July 17, 2020 Read More →

Utilities that went on natural gas binge now trying to reconcile purchases with climate goals

S&P Global Market Intelligence ($):

Environmentalists and consumer advocates for years have complained that utility companies are piling up risks by continuing to invest in natural-gas infrastructure even as the costs of cleaner alternatives fall and scientists warn about the threats posed by climate change.
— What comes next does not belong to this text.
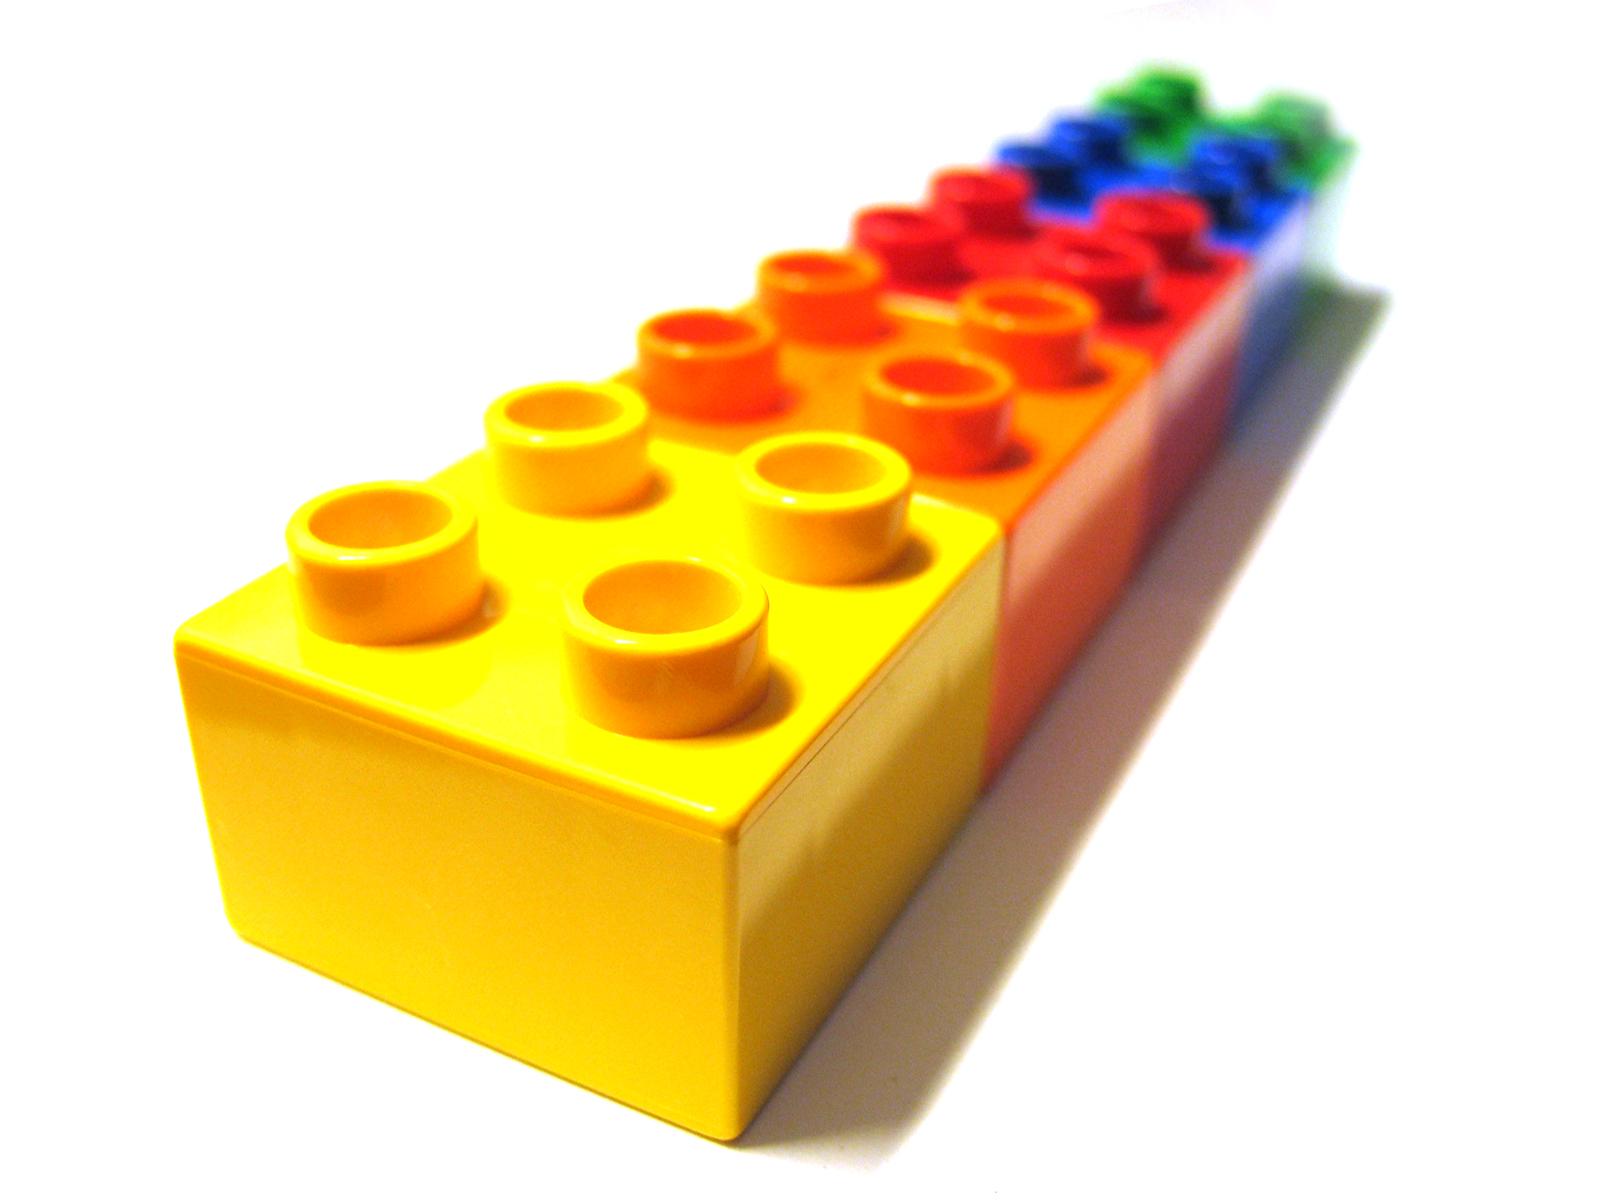 Lego & Worship

With the recent explosion in sustainable investing, utilities are under even more pressure to slash greenhouse gas emissions, and some may well face “a lot of stranded-asset exposure” said Jim Hempstead, a managing director of global project and infrastructure finance at Moody’s.

In a sector where investment and earnings are tightly regulated, though, that exposure does not necessarily translate into “stranded-asset risk” for companies, Hempstead said July 14 during an online conference hosted by the Institute for Energy Economics and Financial Analysis, or IEEFA.

“The vast majority of the situations we’ve seen, the regulators have allowed recovery of these assets in some way, shape or form,” Hempstead said. “So the impact of a large impairment or a write-off is relatively low, in our opinion.”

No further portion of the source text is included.